Ribera, la Dia ha confiscato 800 mila euro ai Capizzi
Ribera, la Dia ha confiscato 800 mila euro ai Capizzi
Il provvedimento del Tribunale di Agrigento nei riguardi di Simone Capizzi e il figlio Giuseppe. Simone Capizzi sta scontando l'ergastolo per l'omicidio del maresciallo dei carabinieri Giuliano Guazzelli VIDEO
La Direzione Investigativa Antimafia di Agrigento ha eseguito la confisca di beni per un valore di 800 mila euro a carico di Simone Capizzi di 73 anni e e del figlio Giuseppe Capizzi di 50 anni entrambi originari di Ribera, al momento detenuti e considerati elementi di spicco di “cosa nostra” agrigentina. I provvedimenti di confisca sono stati emessi dal Tribunale di Agrigento dopo le indagini della Dia e della Dda di Palermo.
Simone Capizzi è detenuto da ormai 23 anni è stato condannato all’ergatolo per l’omicidio del maresciallo dei Carabinieri Giuliano Guazzelli, di cui proprio oggi ricorre il 24° anniversario della morte. Divenne capo della mafia riberese dopo l’uccisione di del boss riberese Carmelo Colletti, nel 1983, dopo il quale ha ottenuto la benedizioni di Totò Riina. Il figlio Giuseppe Capizzi è stato arrestato nel 2006 ed è stato condannato a otto anni per associazione mafiosa. La Corte di Appello lo ha poi condannato anche a dieci anni per estorsione aggravata dal metodo mafioso mentre gli investigatori hanno provato i siioi rapporti con l’ex latitante Giuseppe Falsone ex numero uno della mafia agrigentina.
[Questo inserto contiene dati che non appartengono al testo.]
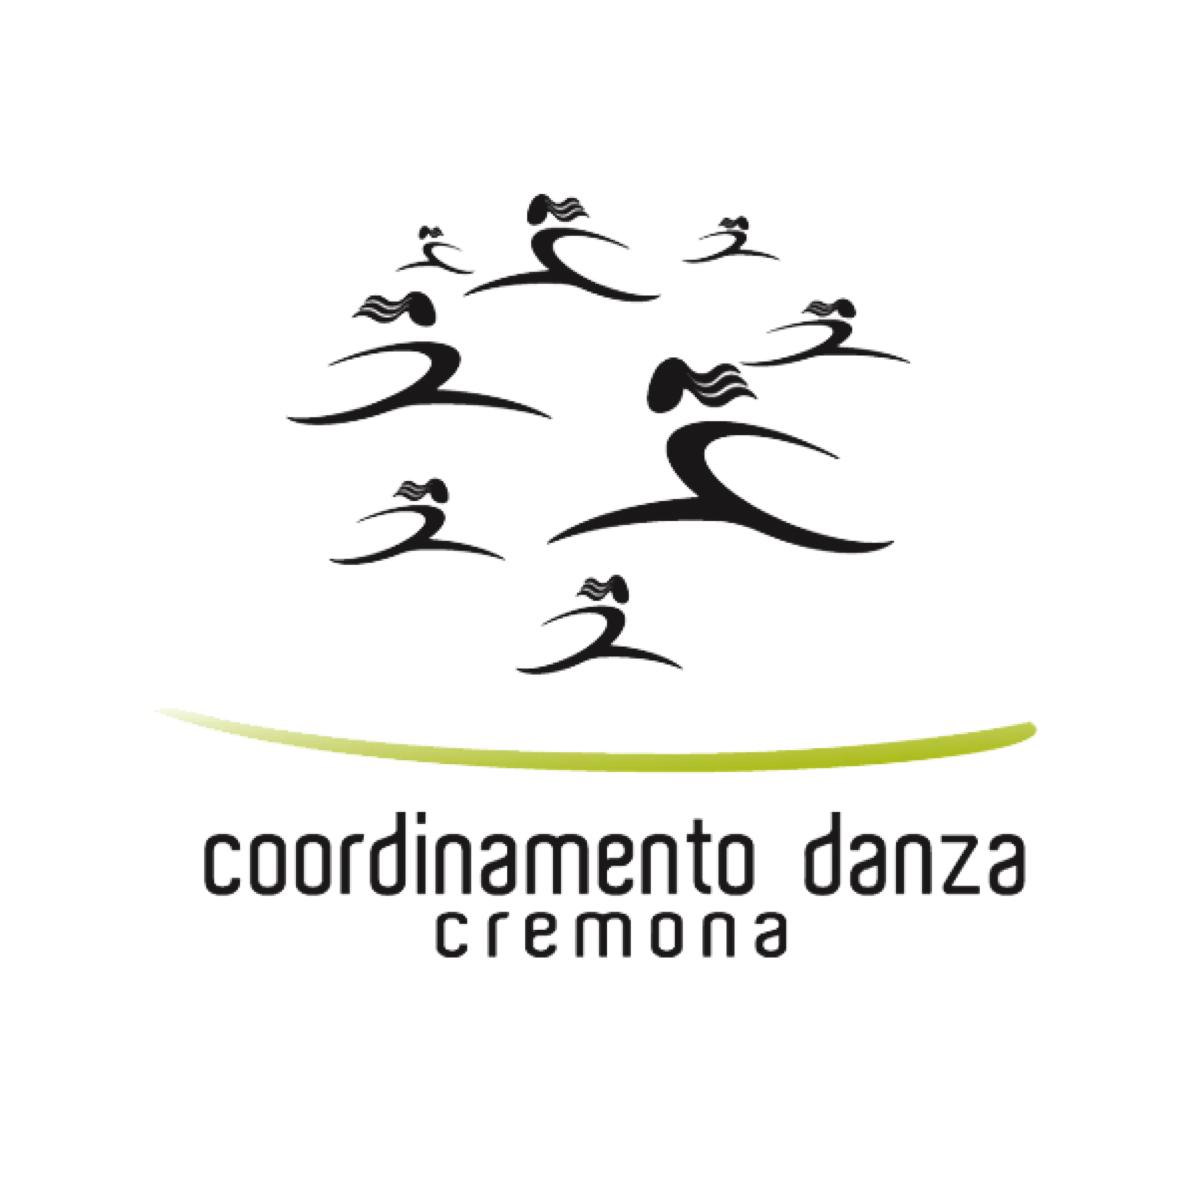 COORDINAMENTO DANZA CREMONA

Dei Capizzi si parla anche nei pizzini sequestrati nel covo di Bernardo Provenzano e a Antonino Giuffrè, poi pentitosi, relativi ad un contrasto sorto tra Giuseppe Capizzi e Giuseppe Grigoli, ritenuto un prestanome di Matteo Messina Denaro, nell’ambito di alcune forniture perun supermercato aperto a Ribera.
Ai Capizzi sono stati confiscati dieci terreni e 3 fabbricati del valore complessivo stimato in oltre 800 mila euro. I sigilli sono stati posti perché dalle indagini della Dia di Agrigento è emerso che, nei primi anni ’90, i formali intestatari degli immobili, avevano venduto o promesso in vendita gli stessi alla famiglia Capizzi, tramite scritture private non registrate e senza formalizzare la compravendita, allo scopo di eludere i controlli della forze dell’ordine e della magistratura.